I’ve been at a loss for names that I really love. I wanted to keep it simple (which is hard for me because I love big words). Any thoughts/opinions/comments on these two names would be greatly appreciated:


Cope Creative 

Evoke Ave.




Please be blunt!


----------



## kimura-mma (Jul 26, 2008)

I think Evoke Ave. is the better of the two. It's hard to brainstorm without knowing more about the shirts you are designing. I know they are philosophical and communicate a message, but that's a broad topic. Is there a recurring theme... political? humorous? inspirational? religious?

Based on the info you have provided, I would suggest focusing on words, messages and communication. Maybe an acronym for the 8 parts of speech? Maybe using the number 8?


----------



## Cope (Feb 25, 2010)

The messages I had in mind were more inspirational, generalized life mantras I suppose...similar to the way an emo song might use lyrics that many can relate to.
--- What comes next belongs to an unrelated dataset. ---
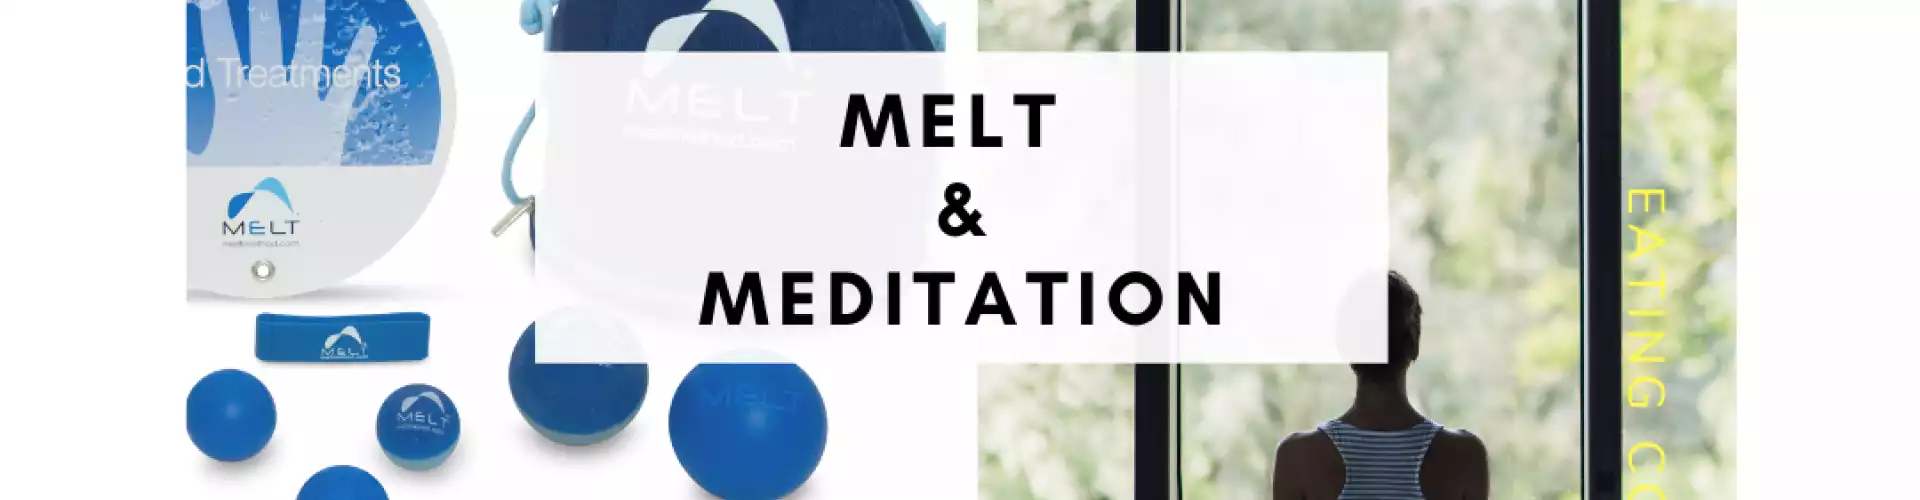 20-Minute MELT and Meditation Class

8 parts of speech though, that's interesting, I hadn't thought about that. Thanks.


----------



## Swagger11 (Jun 24, 2008)

How about Mantra 8? or Mantra eight? A kind of collab of the two. Just my 2 cents!


----------



## Cope (Feb 25, 2010)

I put this up on Emptees.com too.. here are some of the ideas that people came up with there: 

Copeful
Copyst
Copeulation
Copeycat


----------



## Swagger11 (Jun 24, 2008)

Copeulation is awesome!


----------



## grayma (Jul 26, 2008)

A company called www.magneticpoetry.com sells sets of magnetic words that can be arranged in literally millions of combinations. Play with them on the fridge or a piece of sheetmetal, your car, etc. I believe they may have had one with a 'big' sounding word theme that may help you out. Get your friends and family to help out. It's almost impossible to not come up with a great business name this way.


----------



## Cope (Feb 25, 2010)

What about 8th Catalyst?


----------



## Swagger11 (Jun 24, 2008)

I like it!


----------



## Cope (Feb 25, 2010)

Awesome! It's the first one I've come up with that no one has disagreed with yet.

As far as the domain.. what do you think?

8thcatalyst.com
eighthcatalyst.com

?? I feel like eighth is weird to spell out


----------



## Swagger11 (Jun 24, 2008)

Uhhhhh....I like both actually, but I guess you could use 8thcatalyst.com to keep it uniform.


----------



## Austin300 (May 24, 2009)

Jamie, (cope)

Check your inbox


----------